(PROVIDED RECORDS):
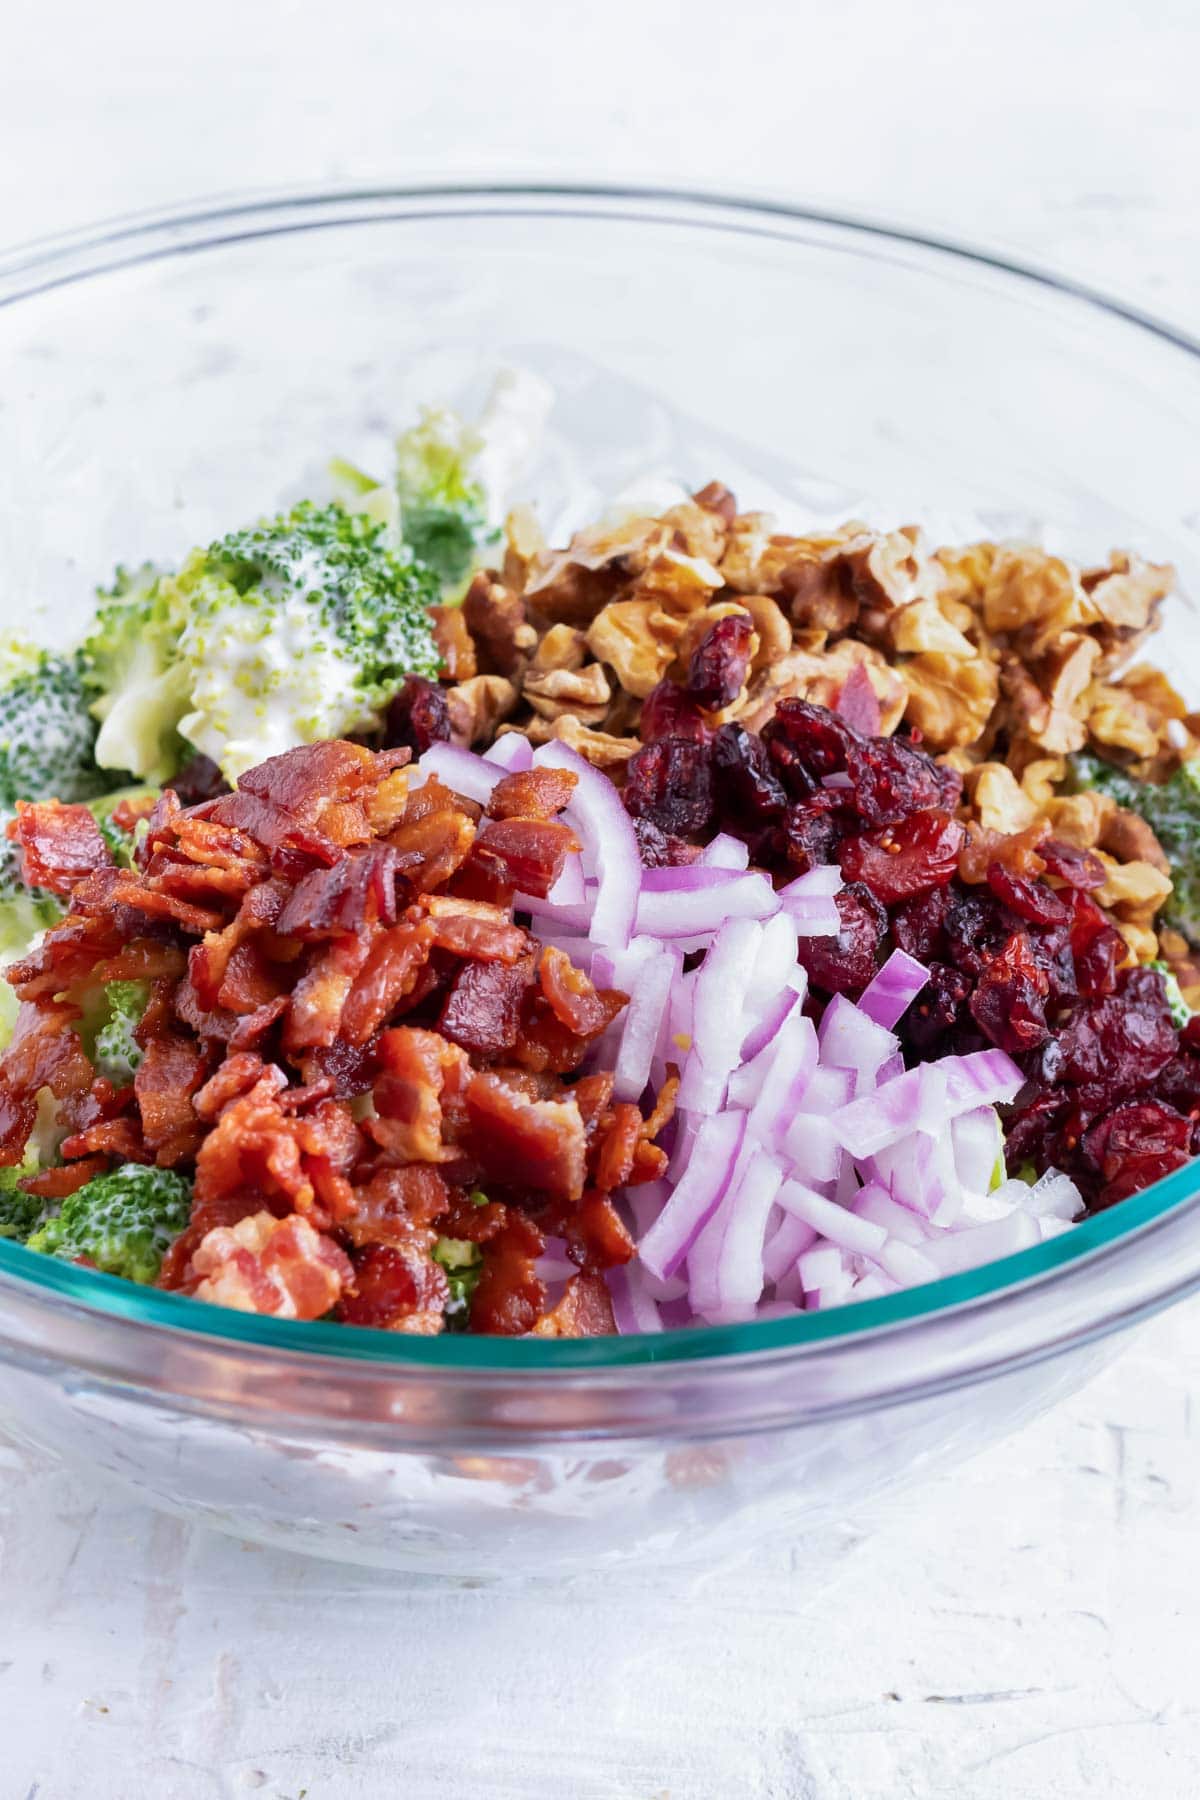 Combine colorful and healthy toppings in a broccoli salad.
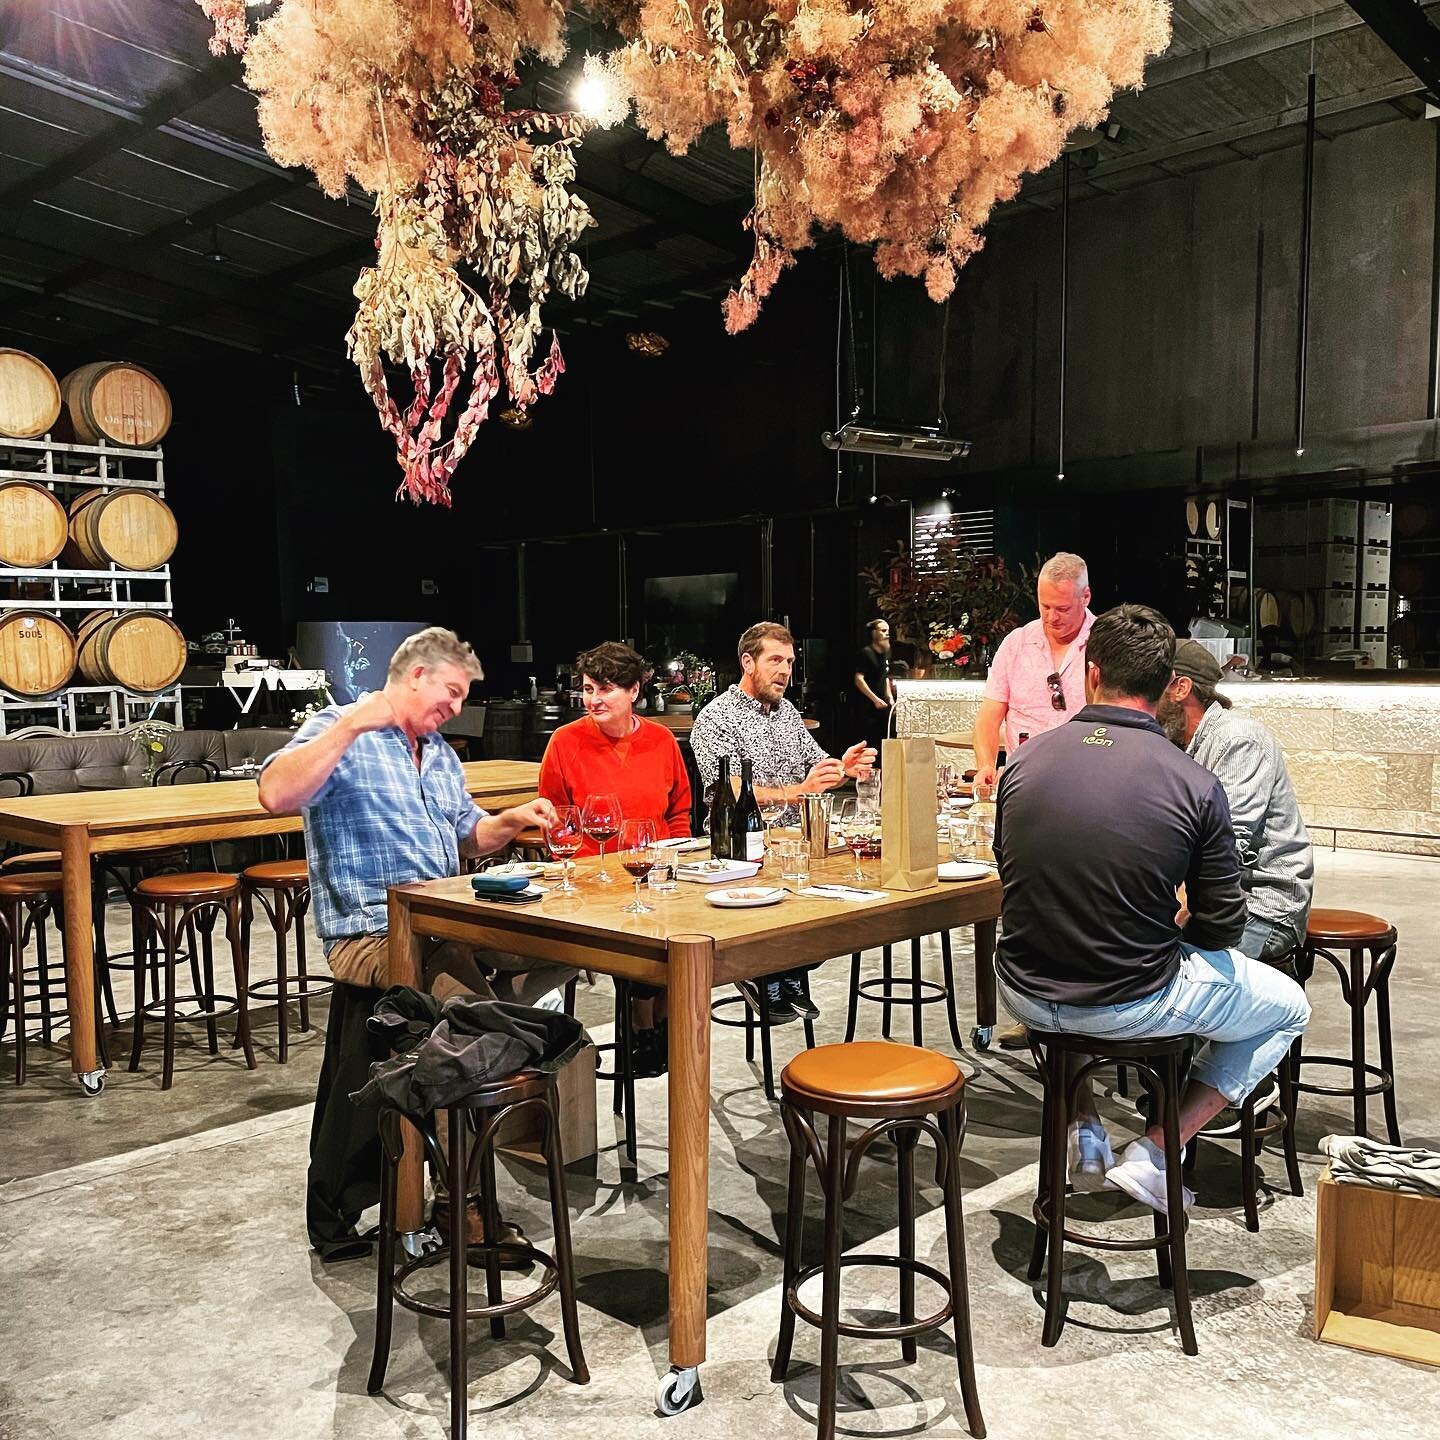 As they say, there&rsquo;s no &ldquo;i&rdquo; in team&hellip;.A well earned afternoon off the tools yesterday for everyone to enjoy some great food and wine @jaydenong_wines and celebrate the end of another vintage.
*****
*****
*****
#thousandcandles

(REQUIRED ACTION): Give the records again exactly, without pictures.

(EXPECTED OUTPUT):
 Combine colorful and healthy toppings in a broccoli salad.
 As they say, there&rsquo;s no &ldquo;i&rdquo; in team&hellip;.A well earned afternoon off the tools yesterday for everyone to enjoy some great food and wine @jaydenong_wines and celebrate the end of another vintage.
*****
*****
*****
#thousandcandles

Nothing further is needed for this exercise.